O bicheiro Alberto Jorge Toniasso confirmou ao juiz Geraldo Fidélis, na tarde desta quinta-feira (13), em audiência na 2ª Vara Criminal do Fórum de Cuiabá, ter sido agredido por seguranças e pelo genro do ex-bicheiro João Arcanjo Ribeiro durante uma briga em estacionamento na Avenida do Historiador Rubens de Mendonça (a Avenida do CPA), que pertence à família do ex-comendador.

No entanto, a vítima disse que nunca teve proximidade com Arcanjo e só o conhece por meio da imprensa.

Ao juiz, Alberto declarou que foi agredido com tapas no rosto e teve sua máquina de cartão quebrada por seguranças de Arcanjo. Sem citar nome, revelou que um advogado o incentivou a registrar o boletim de ocorrência sobre o caso.

O advogado Zaid Arbid, que faz a defesa de João Arcanjo, afirmou que as declarações de Alberto mostram que seu cliente sofre perseguição de pessoas ‘maldosas’.

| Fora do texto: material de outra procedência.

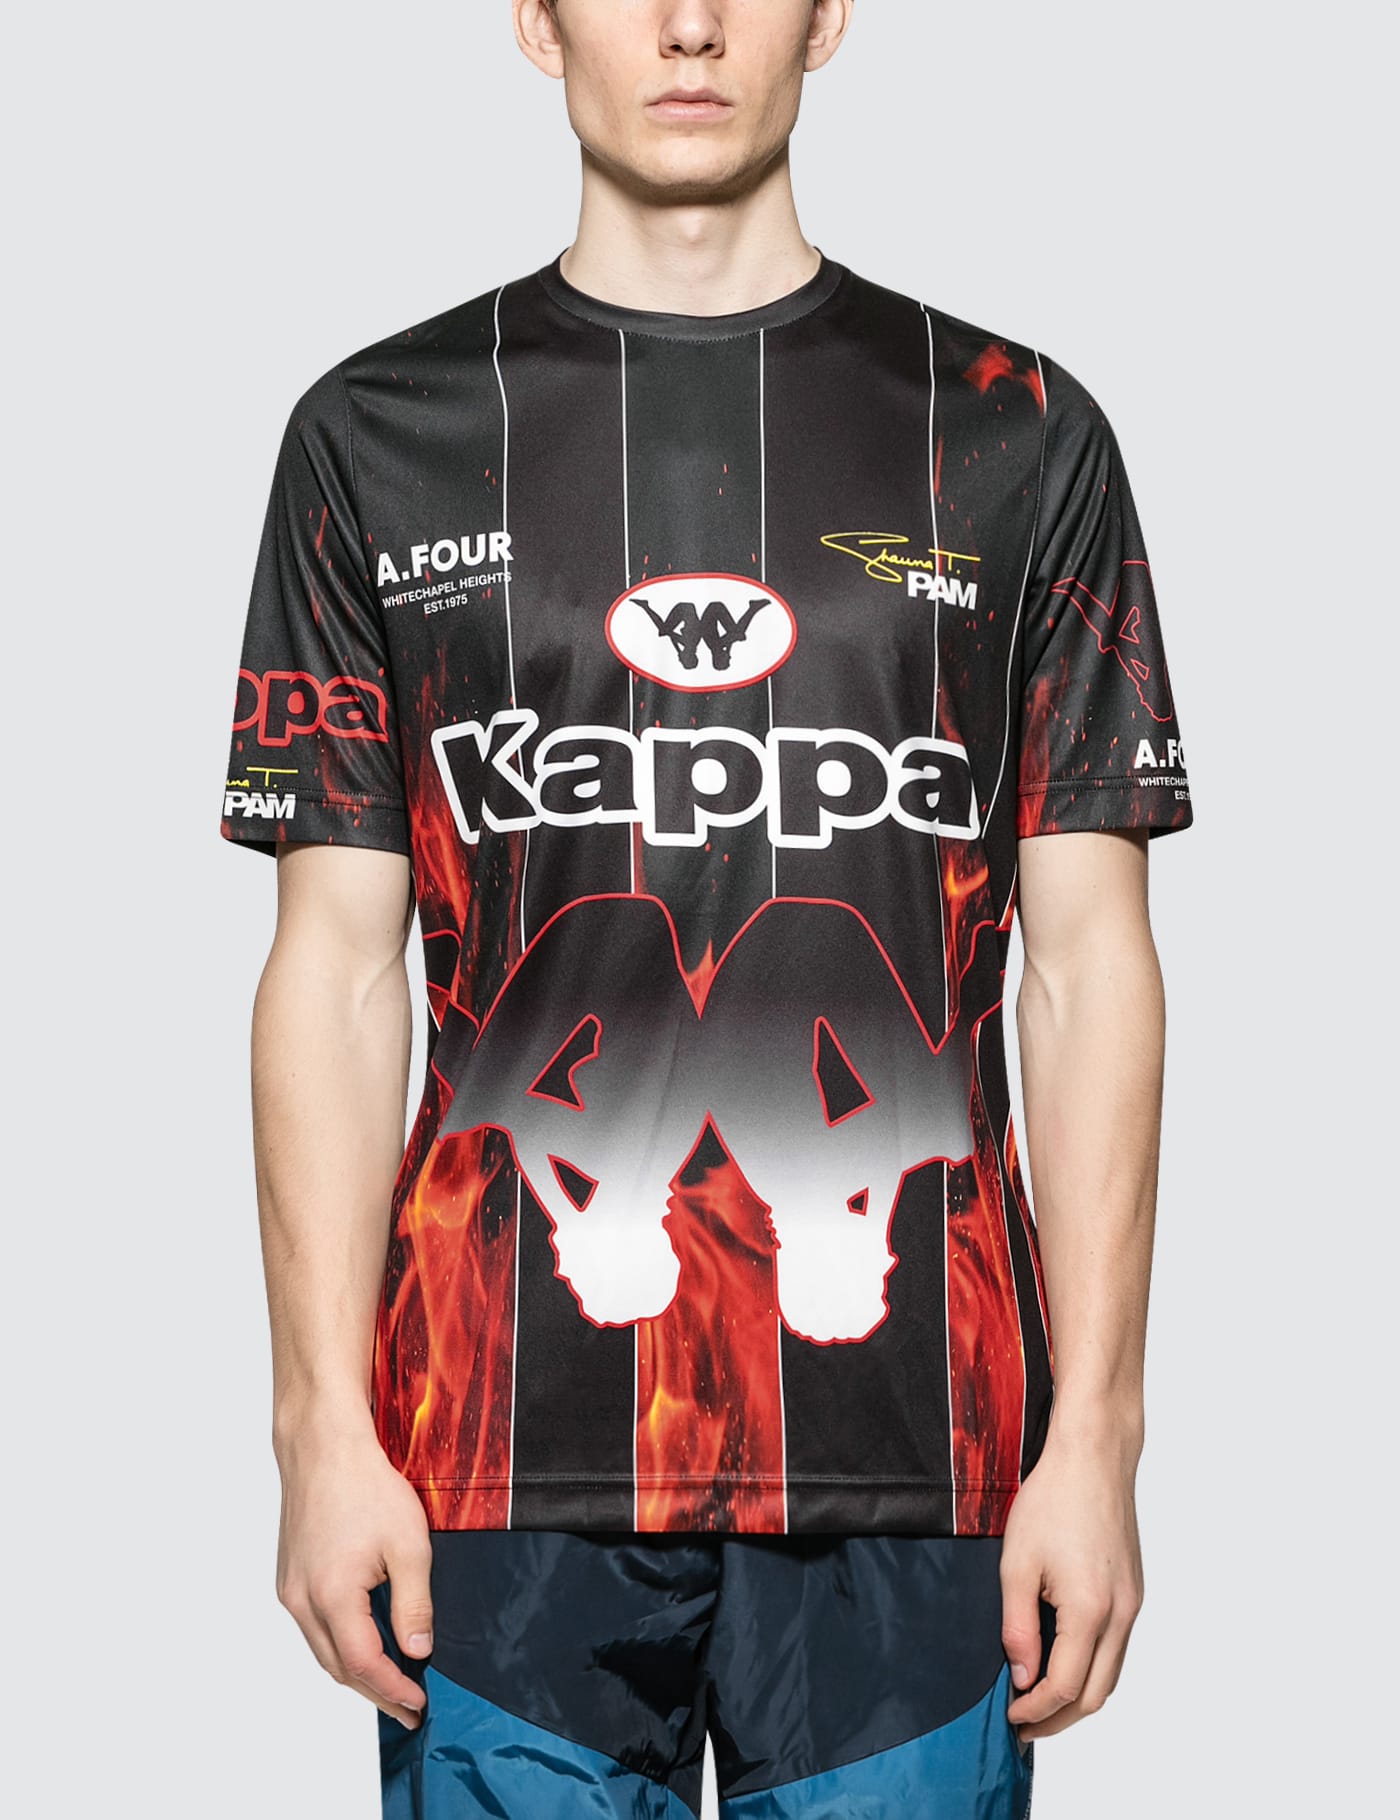 Perks and Mini - P.A.M. x A.Four Labs x Kappa Sublimation Football

“Levanta-se a hipótese de que Arcanjo é alvo de uma campanha suspeita, de ações maldosas e isso ficou caracterizado. Existiu um fato e após cinco dias, um advogado o instrui a fazer um B.O. Ninguém é agredido, tem o objeto de trabalho tirado de seu poder e vai denunciar depois de cinco dias. Ele [Alberto] foi lá para oferecer os pontos de jogo do bicho para Geovane [Genro de Arcanjo], que não quis”, acusou. 

No boletim de ocorrência, Alberto disse que foi agredido por que era concorrente de Arcanjo no jogo do bicho, prática pela qual, se fosse comprovada, levaria o ex-comendador de volta à prisão, uma vez que ele é detento do regime semiaberto, monitorado por tornozeleira eletrônica.

Entenda

A suposta agressão teria ocorrido no estacionamento de propriedade da família de Arcanjo, na Avenida do CPA, em Cuiabá.

Ainda no boletim de ocorrência, Alberto Jorge também disse que os seguranças queriam as máquinas dele porque "era da concorrência", e que Arcanjo teria voltado a comandar o jogo do bicho, com ramificações no interior do Estado.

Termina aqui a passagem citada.